Charlie had paused, thinking of that balding, old-Texas holdover he’d seen at Crockett State. The idea of a brunch with Manuel Paz and those gossipy teachers was unsettling in the extreme, but Charlie thought of his directive to himself. Tell the TRUTH. A brunch, he decided, might be endurable, but only as research.

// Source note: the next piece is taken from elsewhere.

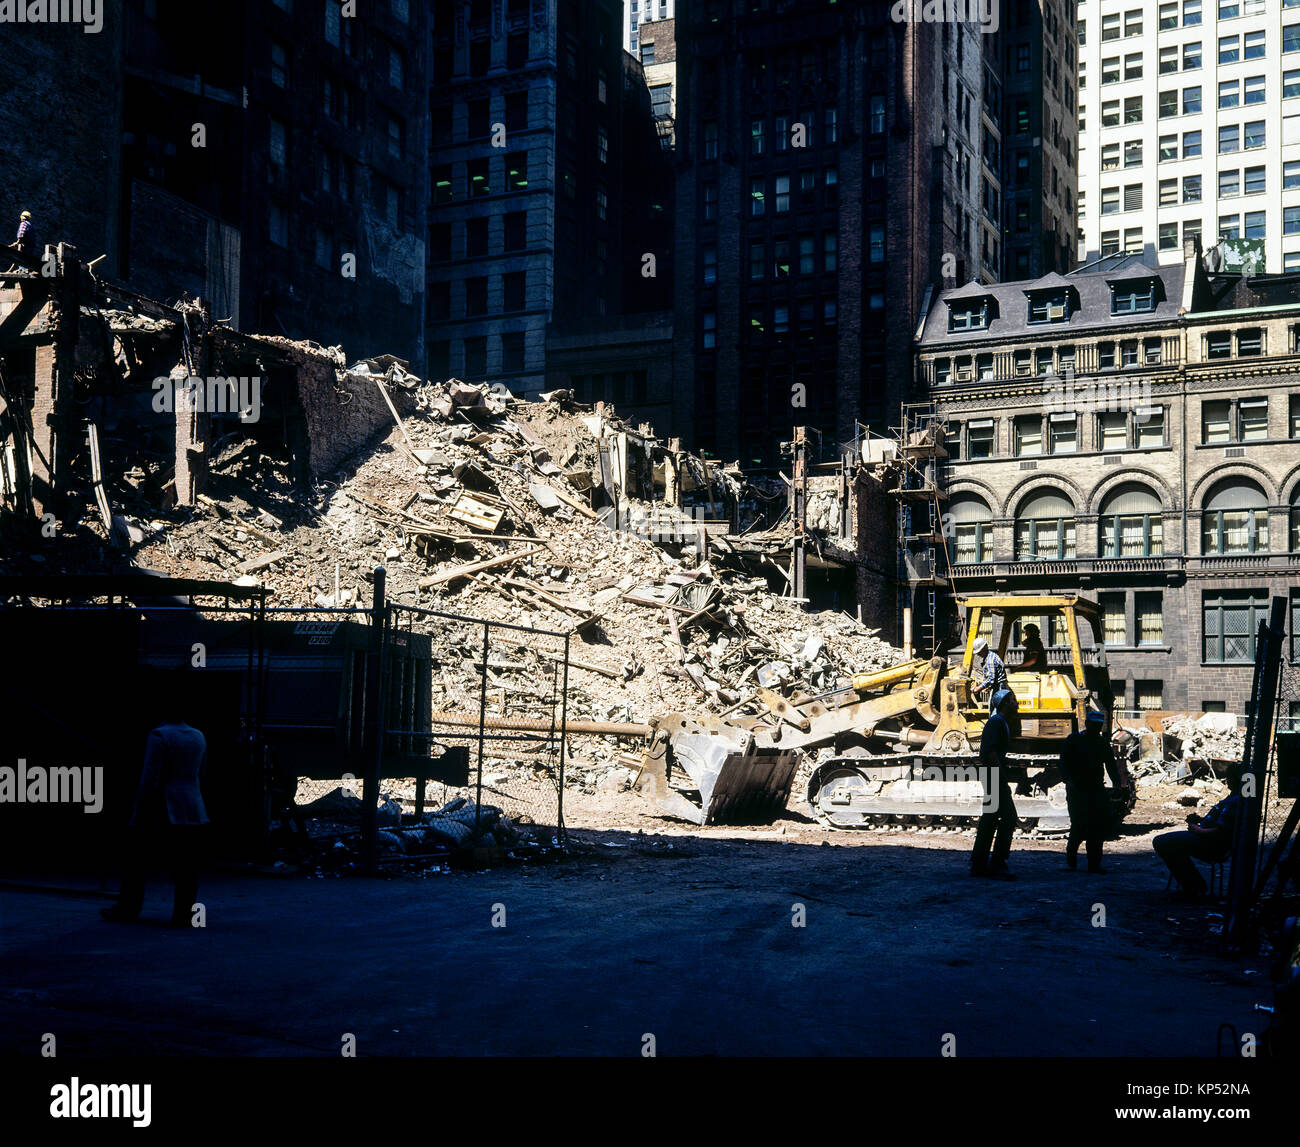 May 1982,New York,demolition site,bulldozer,construction workers,Wall street,financial district,New york City,NY,NYC,USA, Stock Photo
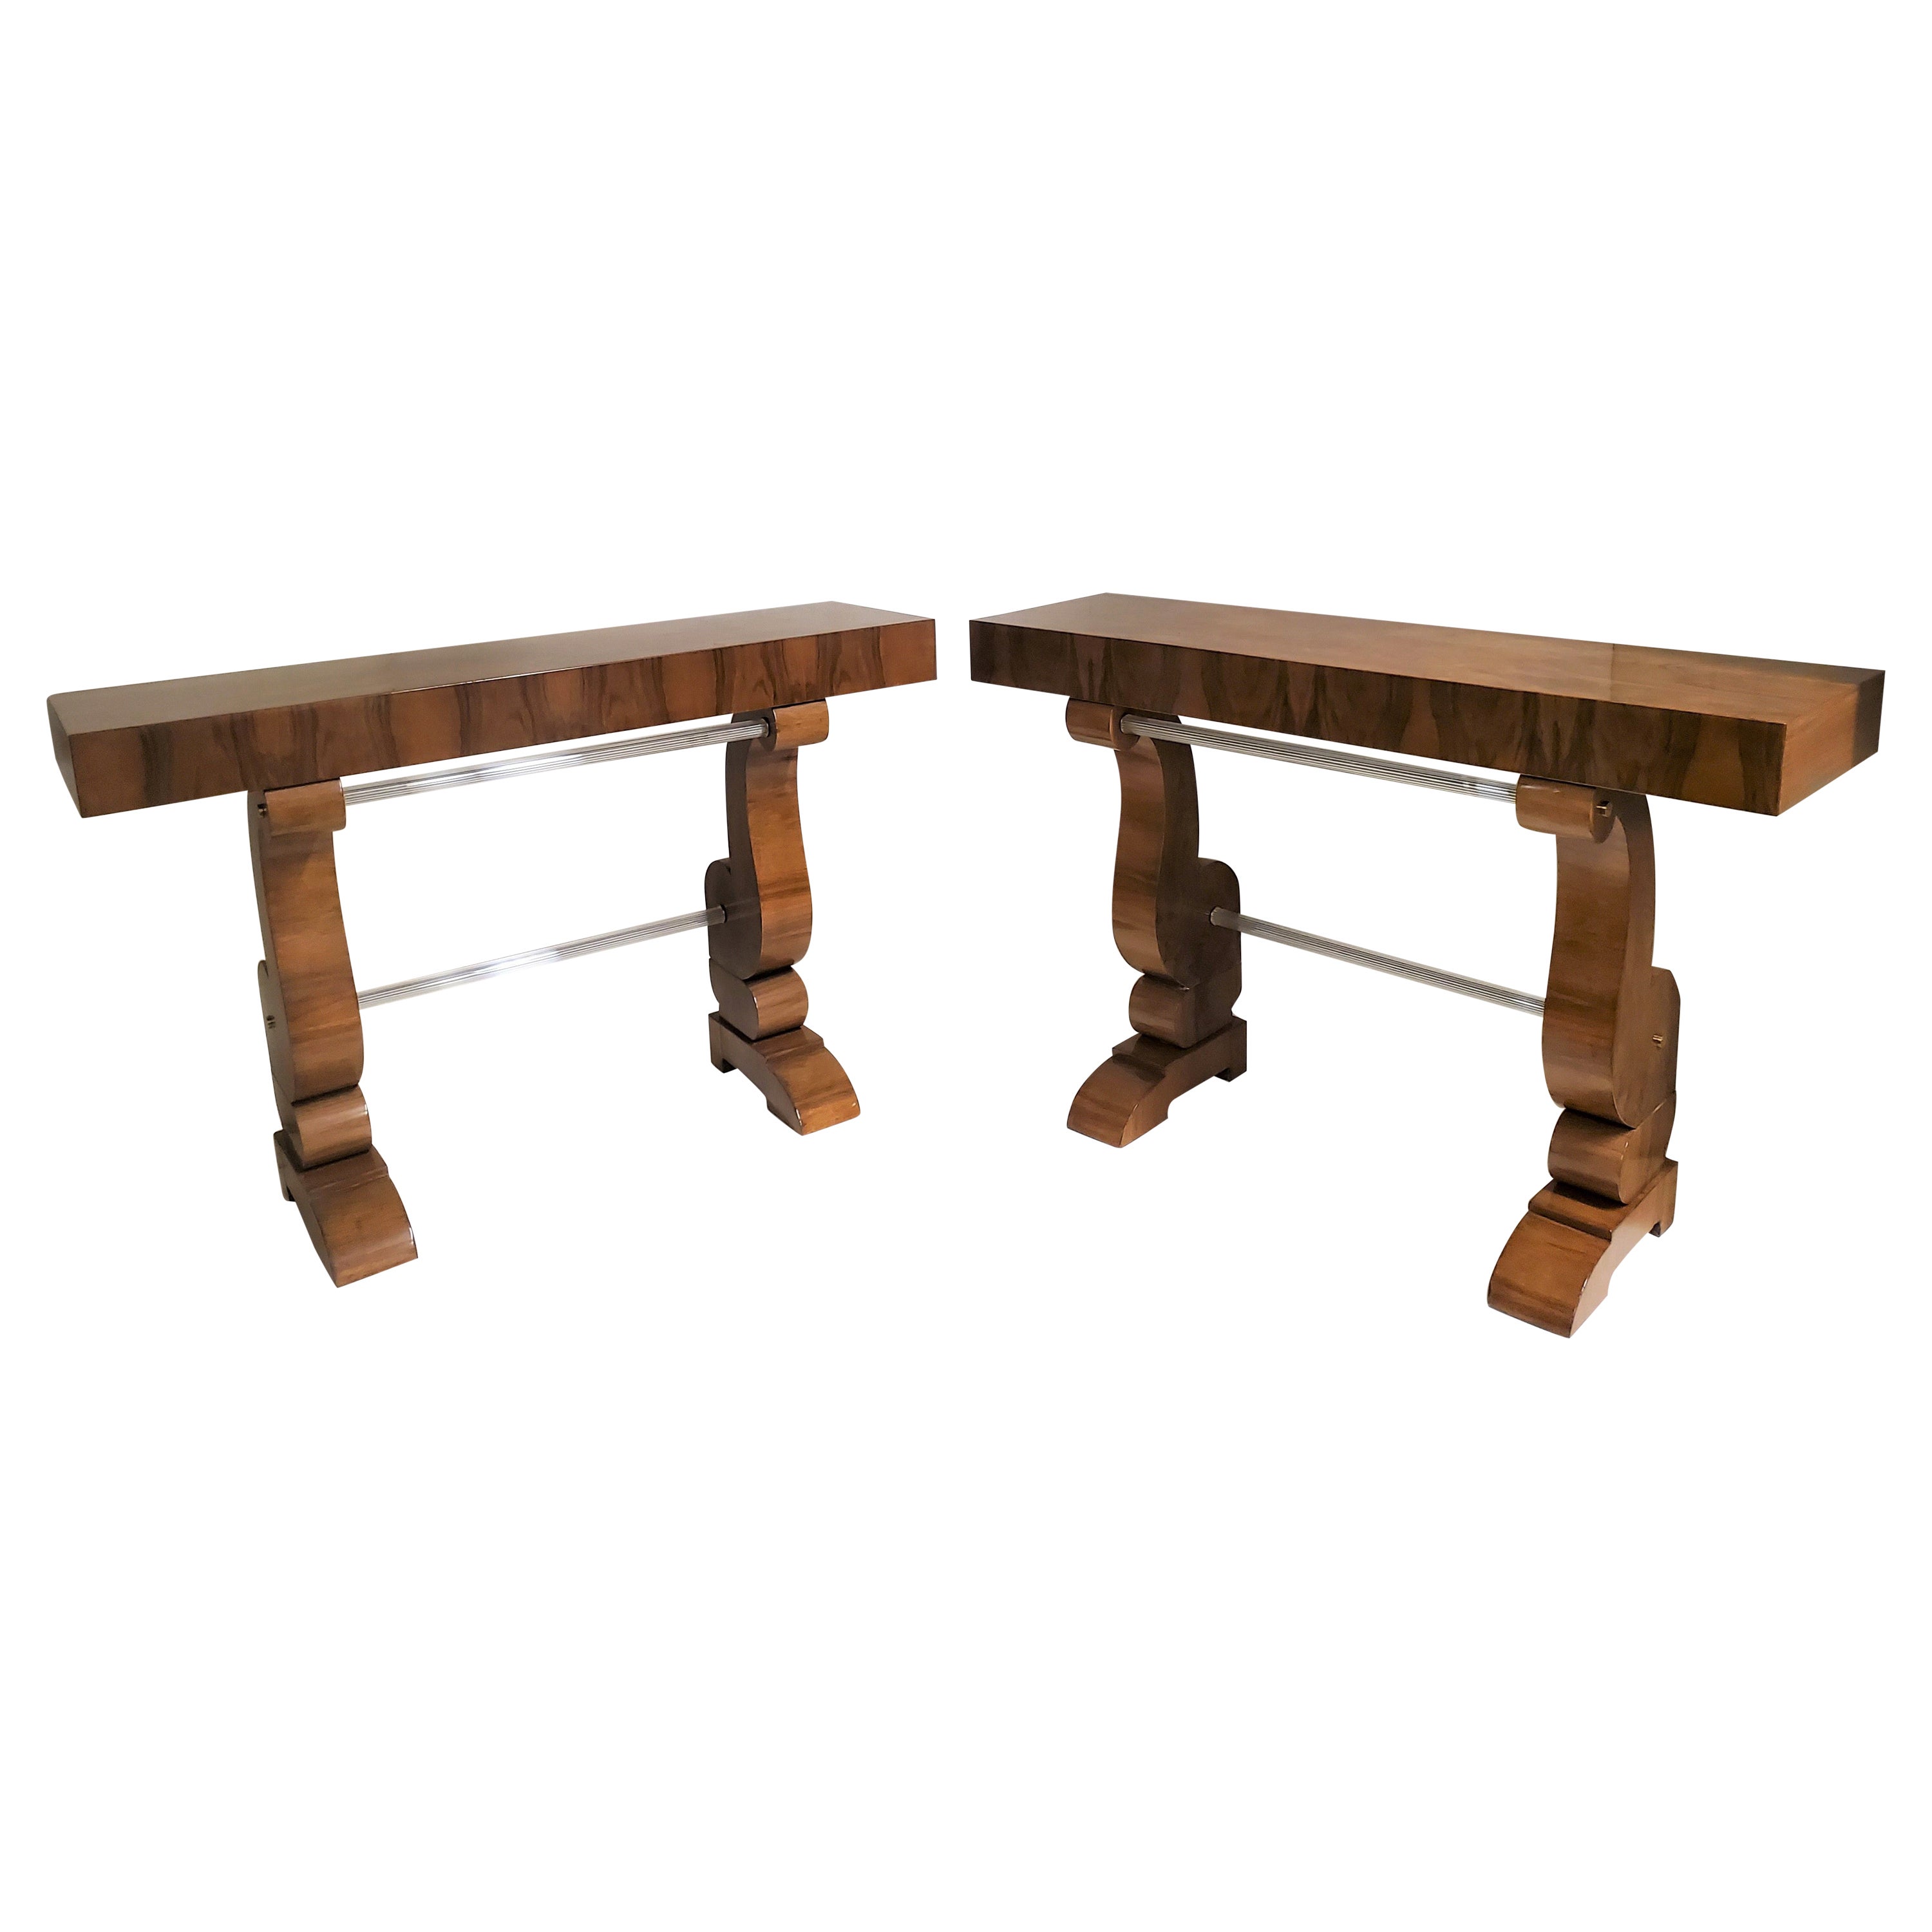 Pair of Original French Double Legged Burl Walnut and Glass Consoles For Sale

“I’d like that,” Charlie had said.
Doyle’s house was just beyond the western edge of the park, and Charlie chose the scenic route. He passed beyond the Austin-stone gates into the twelve hundred square miles of immaculate desert, alpine mountains, and Rio Grande–gorged canyons that constitute Big Bend National Park. Just beyond the ranger station, Charlie passed a grim gathering: a couple of Minutemen conferring with a police officer near a Hispanic guy seated on the curb, bowing his head over his handcuffs. And beyond this forlorn scene, the view before Charlie could have been a sepia-tinted photograph of Mars. It was no surprise, he thought, that this desert spawned so many amateur astronomers, that it made telescope people out of his father and brother. Nowhere more than in this desert had Charlie ever felt himself so clearly on a sphere of rock hurtling through the cosmos.